Since every situation is unique, differences in degree of harm done are vast. I am not a lawyer; I cannot offer advice on exact steps to take if the problem isn't due to a misunderstanding that can be sorted out rather painlessly. At this point, it's probably best to consult an attorney to guide your next steps, as well as to address weaknesses in contracts, other written documents, and the structure of your business to help you avoid similar situations in the future.

Emotional fallout

I can offer some thoughts on addressing emotional repercussions when a colleague or business partner has thrown you under the bus. I believe it's most important to realize it's close to impossible to get other people to change. What you can change is how you react to undesirable situations.

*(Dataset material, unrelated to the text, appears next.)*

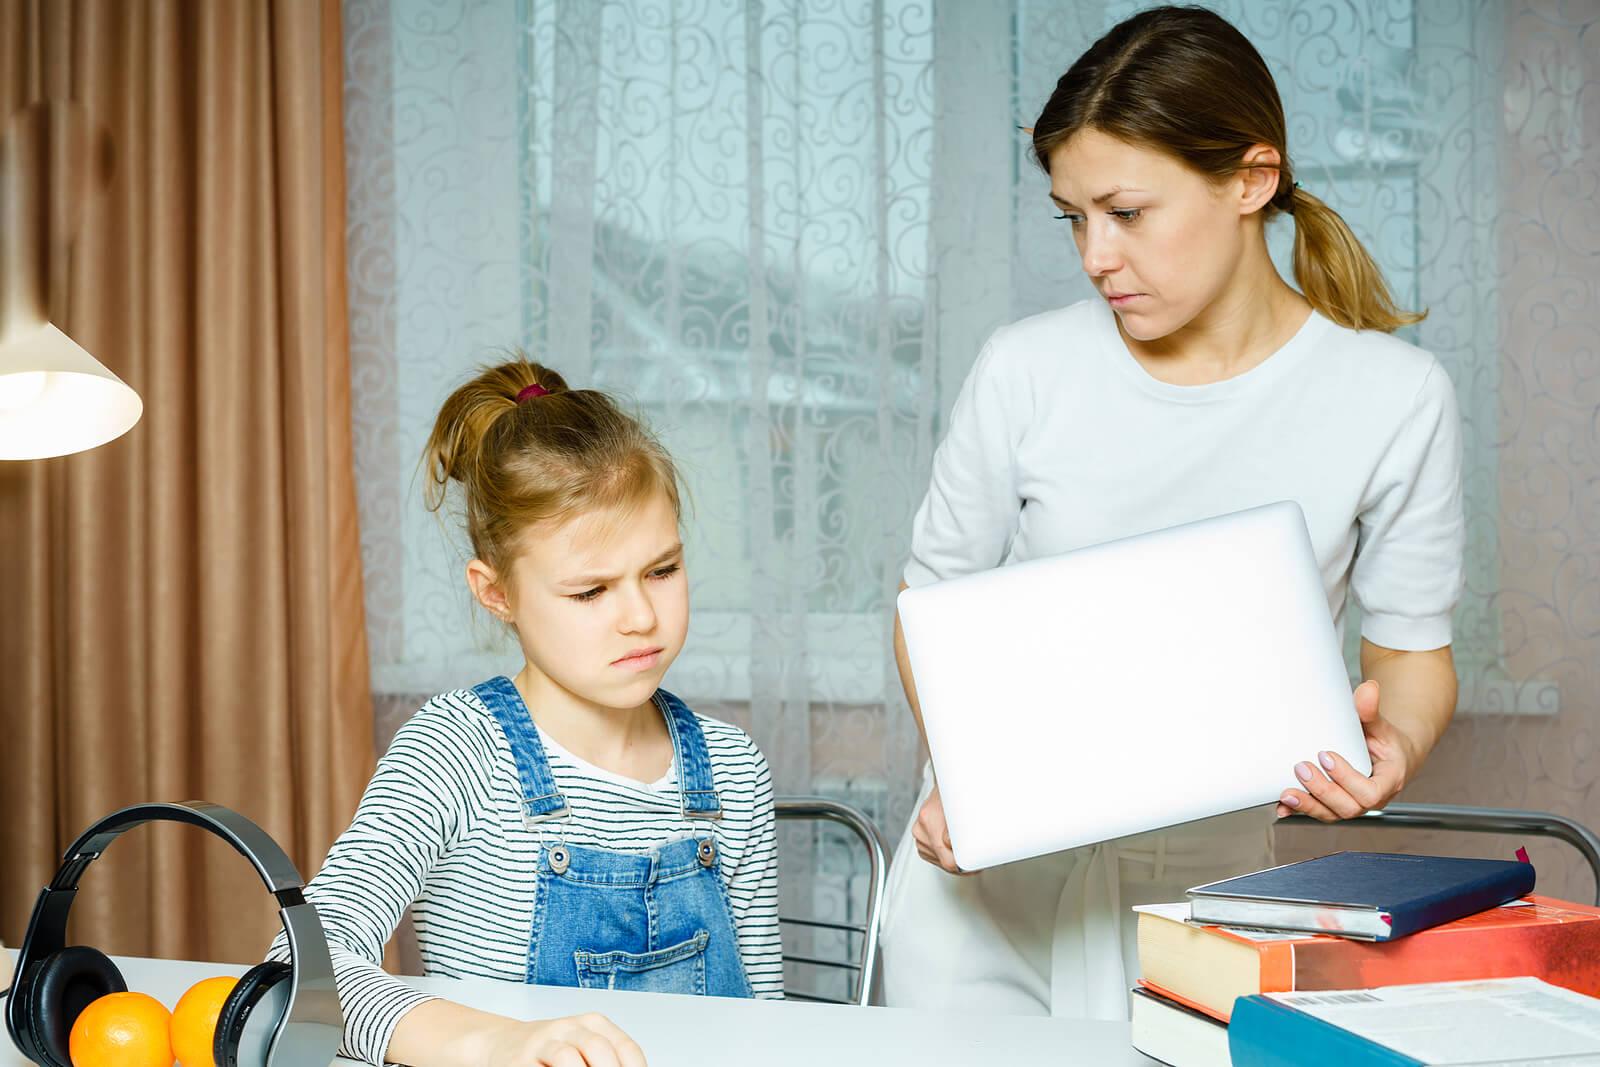 Madre intrusiva cotilleando las cosas personales de su hija.

It's understandable if you need to vent your feelings. Pick someone who has the capacity to listen to you without judgment, will respect your privacy and keep what you say confidential, and will help you consider what actions to take but not force a particular solution on you. This sort of venting typically has a calming effect that leads to more clarity.

The future

If, indeed, it turns out you have been betrayed, don't draw negative conclusions about all potential business partners going forward. Do what you need to do to shore up your business, but don't separate yourself from others with draconian defensive measures. There is a workable medium between being naive and being cynical.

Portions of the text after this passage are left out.